TASK TO COMPLETE: Identify and copy all lines of the material where the string "Free" is found.

EXCERPTED RECORDS:
★ ★ ★ ★ ★ ★ ★
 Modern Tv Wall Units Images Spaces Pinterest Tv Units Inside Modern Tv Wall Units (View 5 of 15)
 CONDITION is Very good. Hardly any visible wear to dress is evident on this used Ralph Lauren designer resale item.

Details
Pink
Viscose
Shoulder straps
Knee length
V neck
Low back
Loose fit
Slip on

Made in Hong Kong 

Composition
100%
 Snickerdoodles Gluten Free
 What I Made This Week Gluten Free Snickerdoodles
★ ★ ★ ★ ★ ★ ★
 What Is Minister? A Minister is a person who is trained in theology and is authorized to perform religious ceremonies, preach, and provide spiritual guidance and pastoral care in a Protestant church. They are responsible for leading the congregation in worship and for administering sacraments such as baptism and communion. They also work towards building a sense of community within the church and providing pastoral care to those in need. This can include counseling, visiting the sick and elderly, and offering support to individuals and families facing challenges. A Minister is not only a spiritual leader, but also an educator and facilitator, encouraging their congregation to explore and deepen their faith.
★ ★ ★ ★ ★ ★ ★
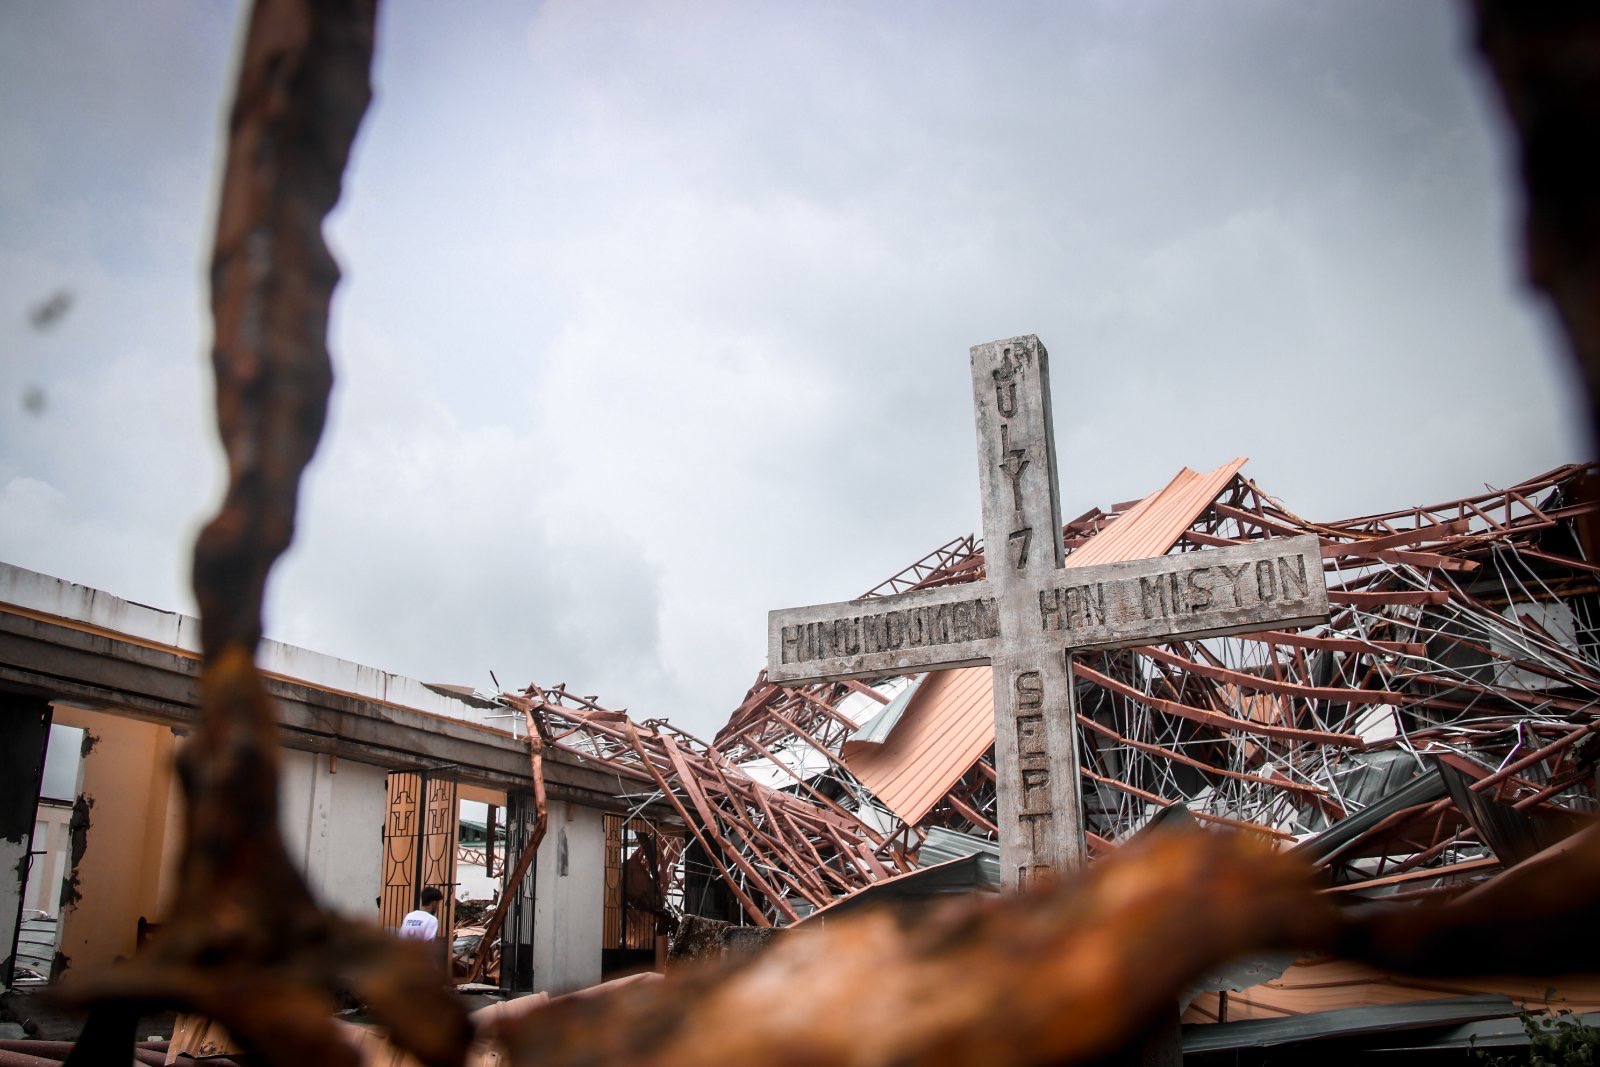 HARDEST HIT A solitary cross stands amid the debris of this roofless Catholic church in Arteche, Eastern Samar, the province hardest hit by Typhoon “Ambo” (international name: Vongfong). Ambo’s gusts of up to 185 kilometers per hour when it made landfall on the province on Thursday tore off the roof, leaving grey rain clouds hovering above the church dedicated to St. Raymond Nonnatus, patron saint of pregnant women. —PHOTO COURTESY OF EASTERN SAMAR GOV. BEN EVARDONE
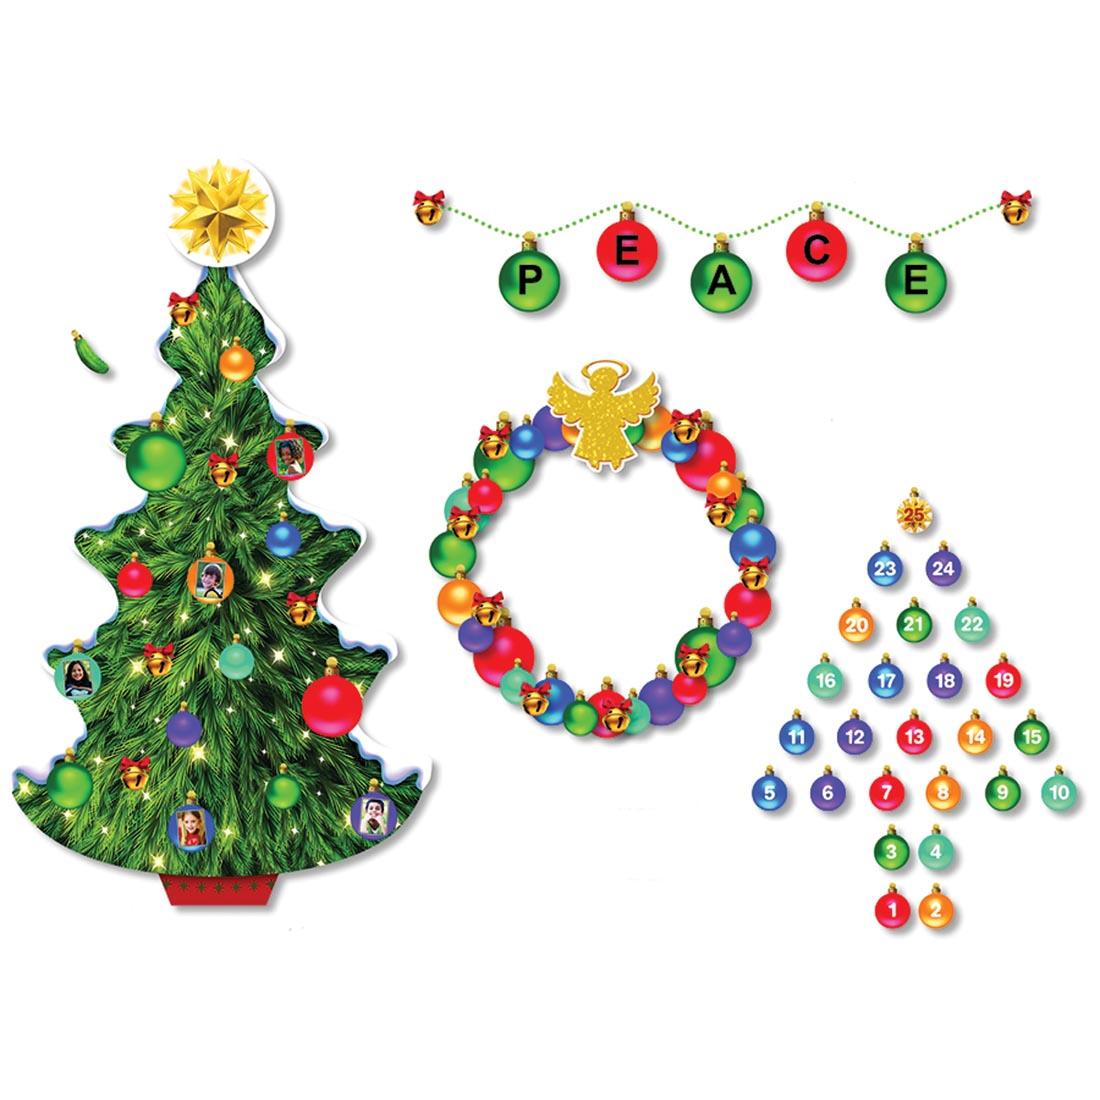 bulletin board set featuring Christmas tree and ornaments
★ ★ ★ ★ ★ ★ ★
WRITTEN SOLUTION:
 Snickerdoodles Gluten Free
 What I Made This Week Gluten Free Snickerdoodles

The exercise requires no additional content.